Il semblerait que le nom de Noailles vienne d'un mot d'ancien français "noue" ou "noë" et qui signifie prairie humide, avoisinant un cours d'eau, et il s'avère que le Lacydon coulait là où est aujourd'hui située la Canebière. Dans tous les cas, ce quartier doit son nom à la rue Noailles et à l'hôtel de Noailles, hôtel particulier somptueux loué au chevalier de Noailles, lieutenant général des galères de Louis XIV en 1679, qui a été détruit, puis sur l'emplacement approximatif duquel on a reconstruit un grand hôtel reconverti en hôtel de Police.

Dans ce quartier on trouve la gare Noailles qui accueillera à l'été 2008 le terminus de la ligne 1 duTramway de Marseille mais aussi pour rester dans l'histoire des transports, la galerie des Transports !

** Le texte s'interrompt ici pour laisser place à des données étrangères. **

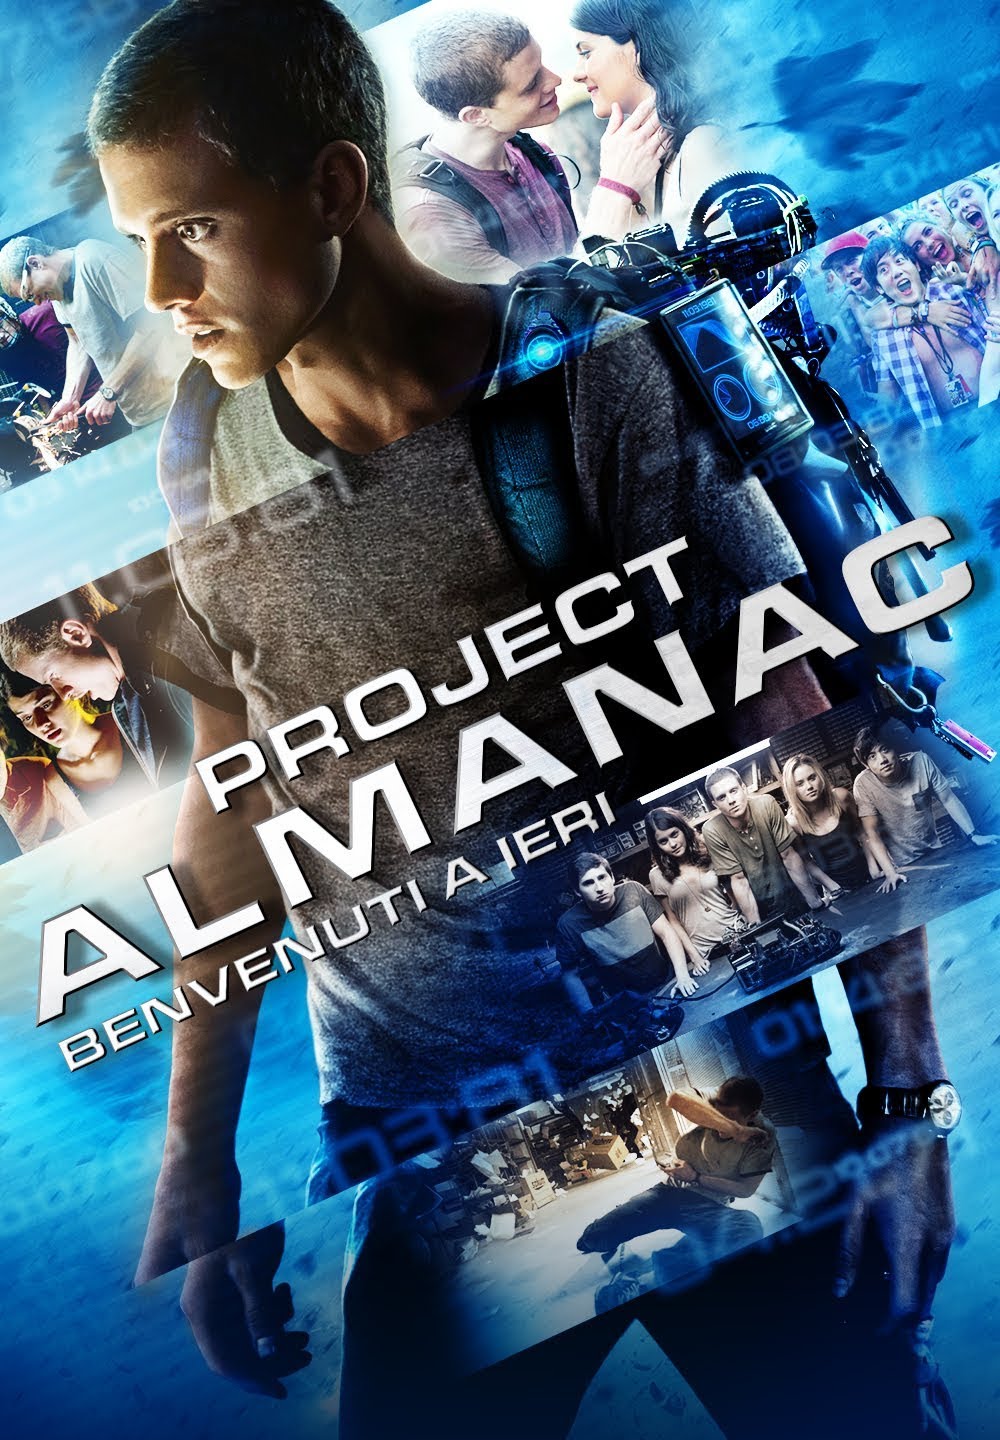 Project Almanac – Benvenuti a ieri [HD] (2015)

Quartier très animé, on peut également faire flâner sur le marché des Capucins,qui aujourd'hui, fait la réputation du quartier, mais tout aussi bien dans les rues alentours comme le début de la rue de Rome et ses boutiques, la rue Méolan et sa célèbre herboristerie du Père Blaise, et la rue de la Palud chargée d'histoire.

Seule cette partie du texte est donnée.